King of Pain Part 3 (See Part 1 for warnings etc)
There's a red fox torn by a huntsman's pack
There's a black winged gull with a broken back
There's a little black spot on the sun today
It's the same old thing as yesterday
Harry groans as the owl hooting at the window awakens him from his sleep. His neck cracks painfully as he shifts on the couch. He glances over at his lover with a frown, hoping the illness that struck a few days ago remained short lived. He remembers remarking to the older man about looking even worse than usual. He'd expected a snide remark and maybe a hex, but being thrown out of bed hadn't as well with him. He sits up reaching for his glasses and wiping the sleep out of his eyes. That wasn't actually what disturbed him the most, however. Recalling a night when a drunken Severus had picked him up bodily and slung him over a shoulder, he couldn't help but notice the man could barely budge him. He'd wanted to comment, but found himself dodging a bony set of knuckles.

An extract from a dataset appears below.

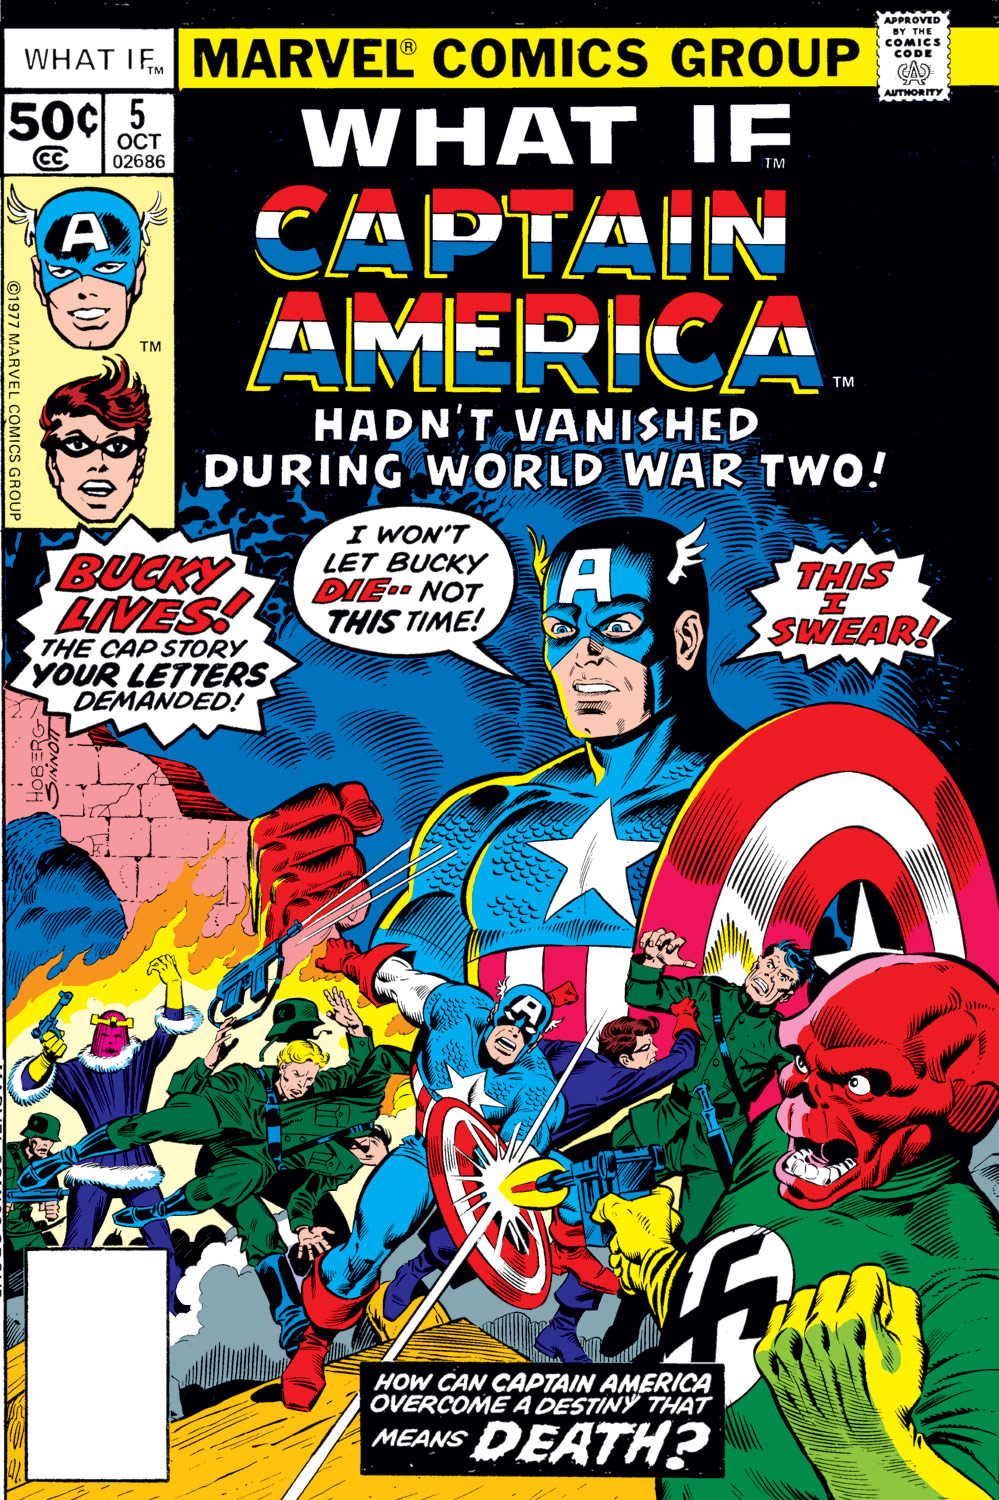 What If? (1977) Issue #5 - Captain America hadn't vanished during World War Two #5 - English 1

He walks over to the window, quiet, so he doesn't wake his lover. He winces as his bare foot encounters a scraggly bit of hair. He's noticed these more often lately, but seeing the full greasy mop atop Snape's head where it's always been he chose not to comment. He shivers a bit as he opens the window and takes the paper from the owl. He recognizes it as belonging to Hermione and he lets the small bird in to warm itself by the fire still going on the other side of the room. He tiptoes past the sleeping form and resettles on the couch, a leg tucked underneath him. Accustomed to receiving her usual weekly "Mr and Mrs Weasley bulletin, he feel a moment of concern. Further inspection however, reveals the paper to be a copy of the Daily Prophet with a note attached. He makes a slight face reading it.
"Dear Harry,
I know that you don't receive the Daily Prophet anymore since that article about your weight, so I sent you my copy after I received it this morning. It's awful! I didn't think things like this existed in the wizarding world. Even so, I never would have expected such a thing from well, just read the article please.
Hermione."
He bit his lips and nervously reached for the cookie tin on the table. He took out a large chocolate chip one and nibbled on it as he read. His eyes got as far as "Star Quidditch Player Dead at 26" when he dropped the cookie. He almost choked as he scanned down the article.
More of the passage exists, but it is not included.